Try it —
Return all the data below as it stands, minus the pictures.

Source data —
>>>>>

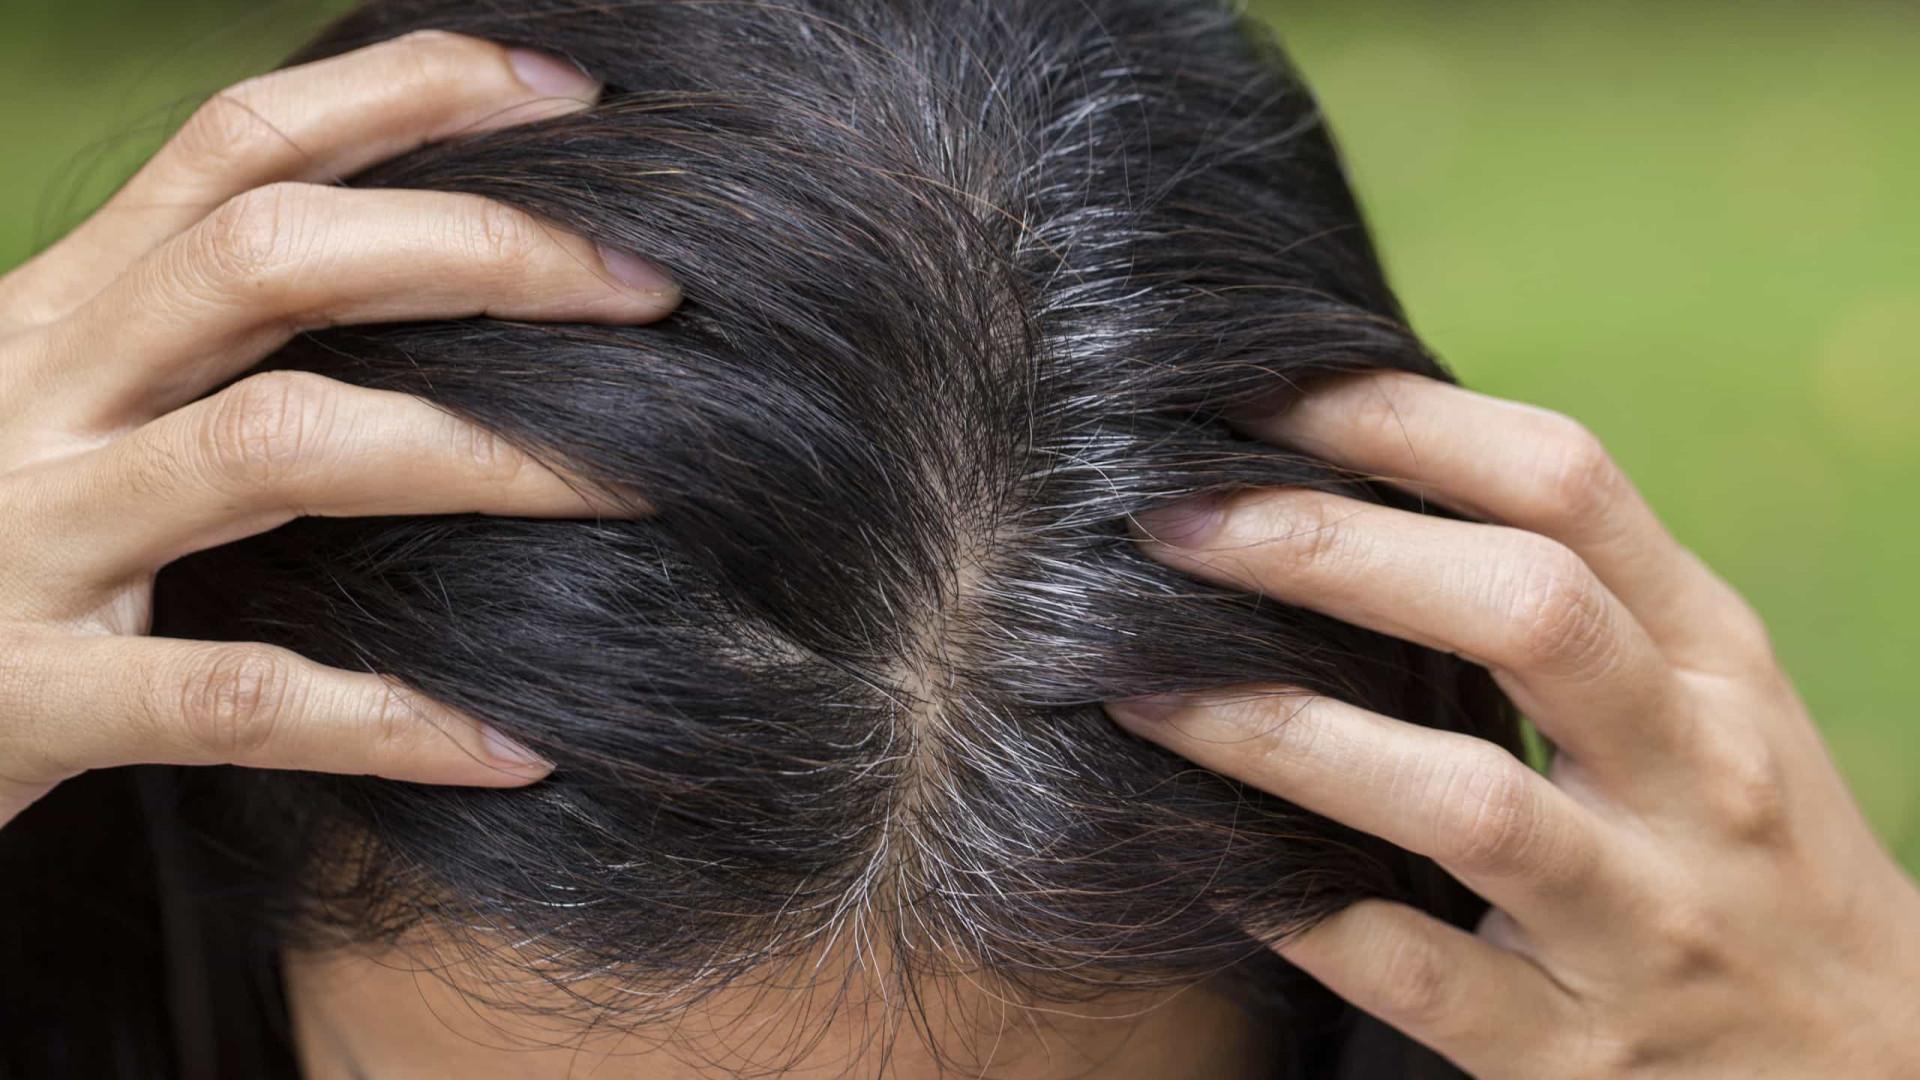 Cabelos brancos causados por stress podem ser revertidos, diz estudo
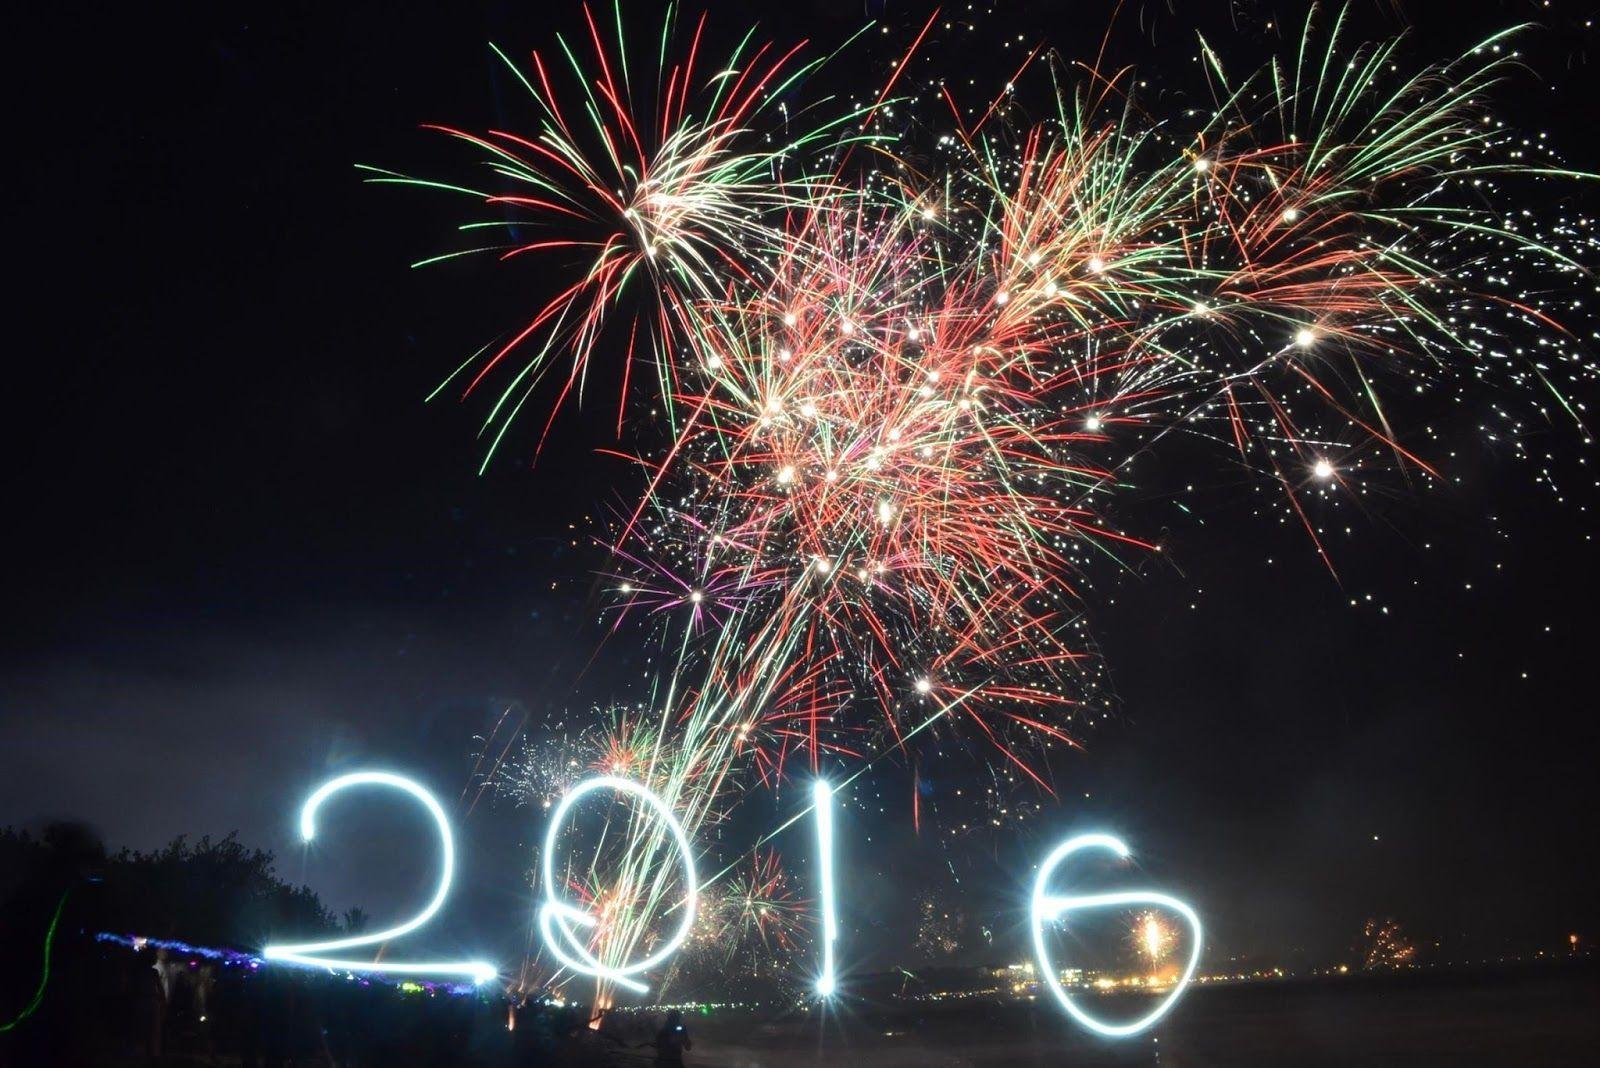 Download Gambar Selamat Tahun Baru Wallpaper Keren 212 Pinterest
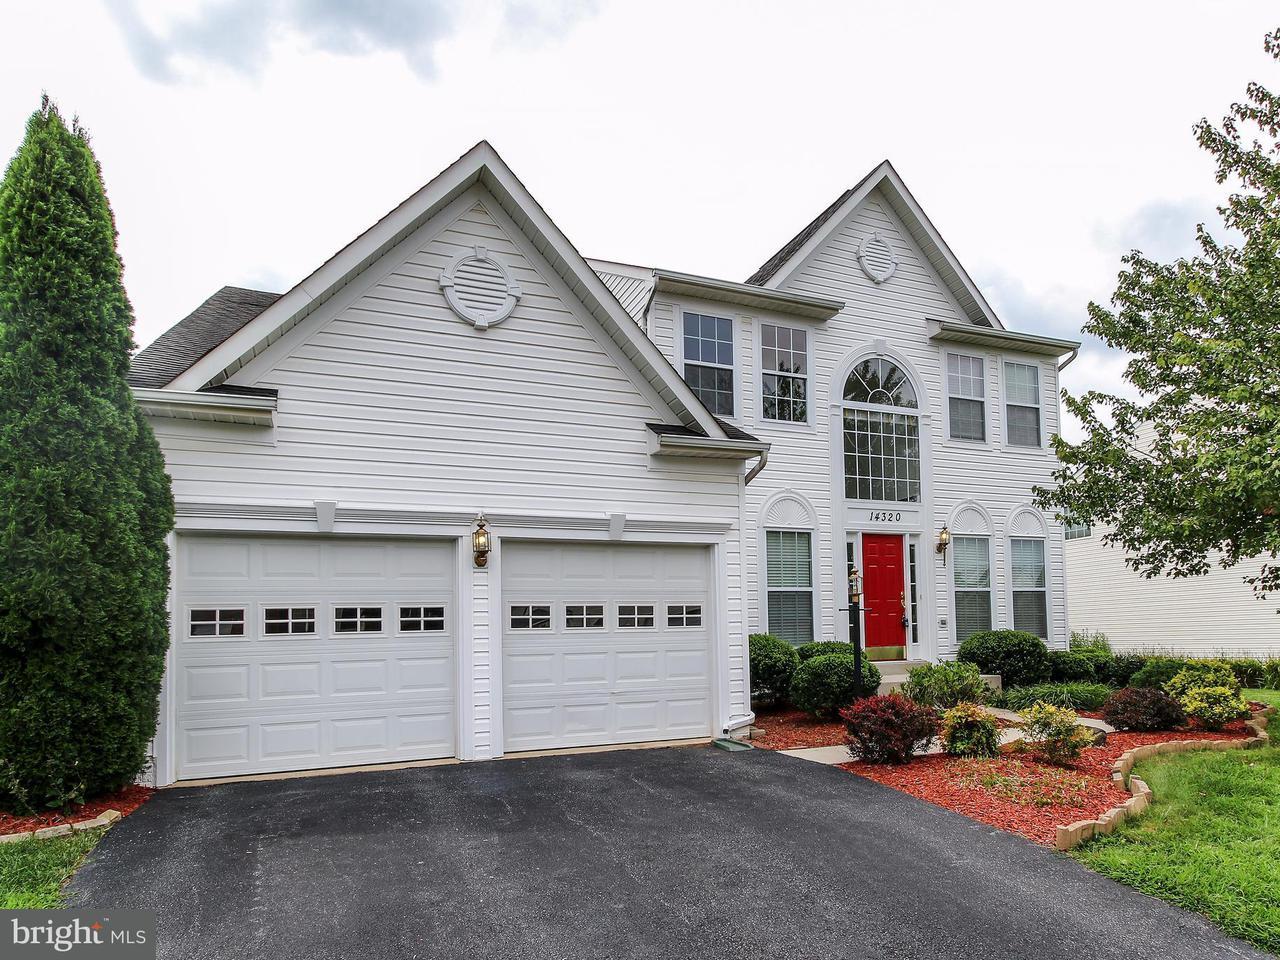 Частный односемейный дом для того Продажа на 14320 HARVEST MOON Road 14320 HARVEST MOON Road Boyds, Мэриленд 20841 Соединенные Штаты
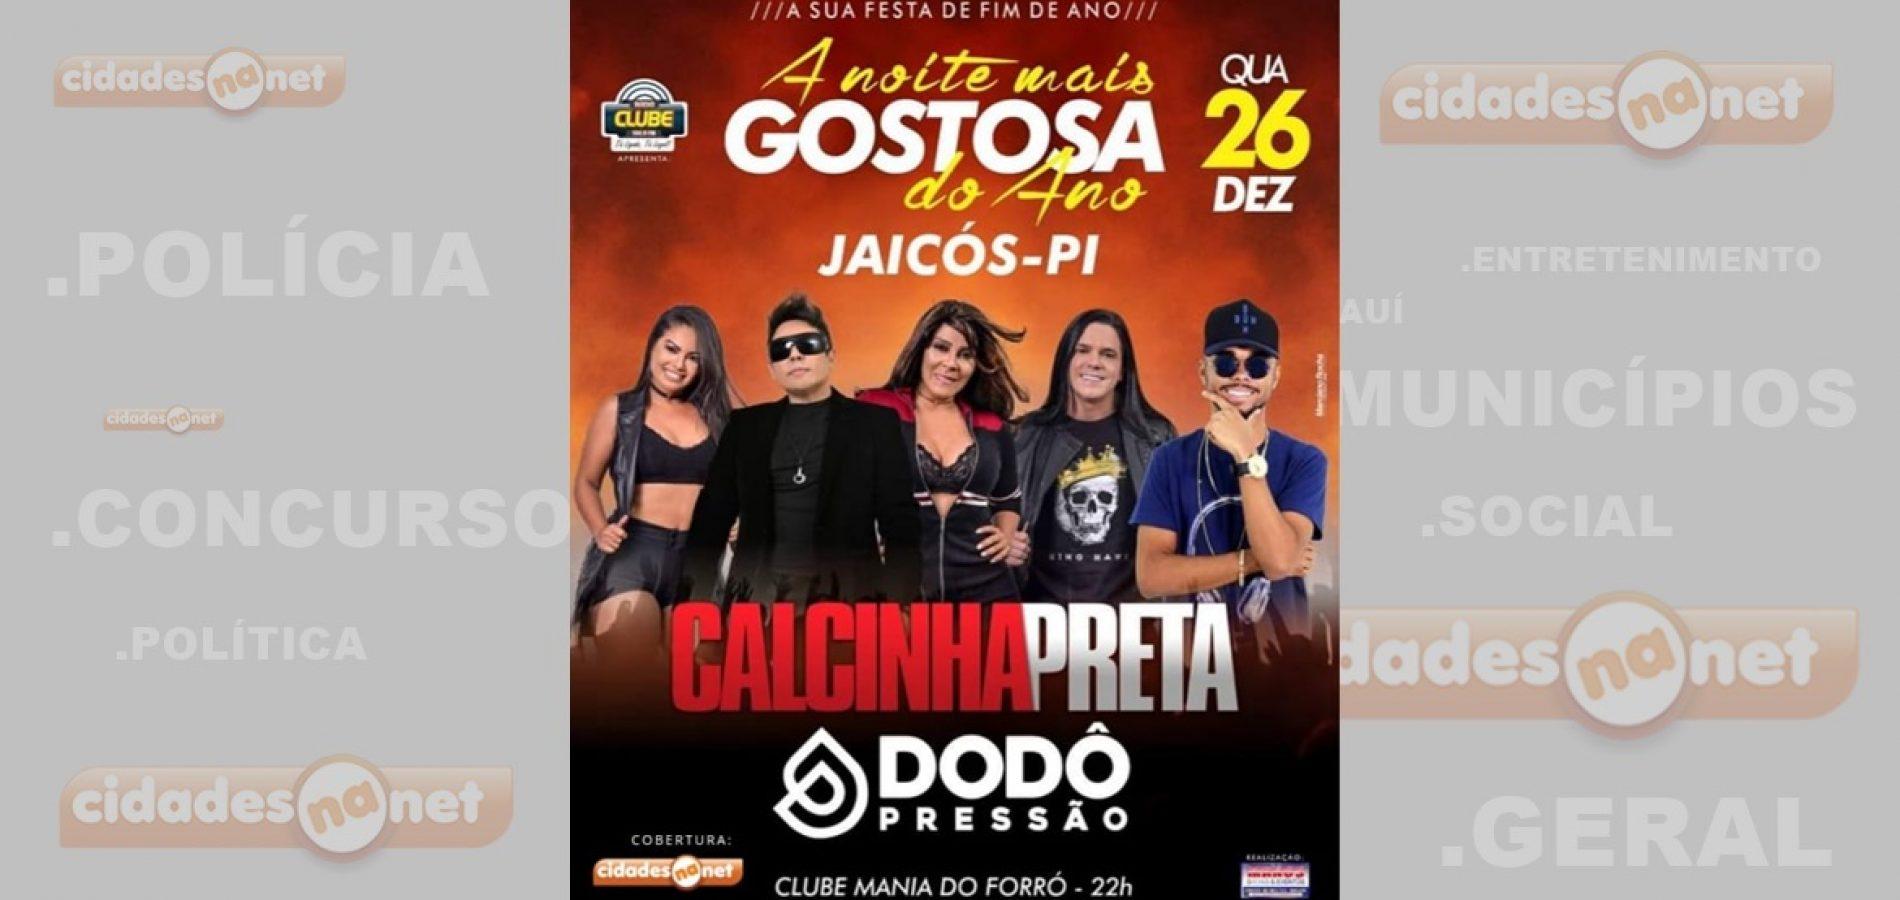 Grande show com a banda Calcinha Preta acontece hoje (26) em Jaicós

<<<<<

Task response —
 Cabelos brancos causados por stress podem ser revertidos, diz estudo
 Download Gambar Selamat Tahun Baru Wallpaper Keren 212 Pinterest
 Частный односемейный дом для того Продажа на 14320 HARVEST MOON Road 14320 HARVEST MOON Road Boyds, Мэриленд 20841 Соединенные Штаты
 Grande show com a banda Calcinha Preta acontece hoje (26) em Jaicós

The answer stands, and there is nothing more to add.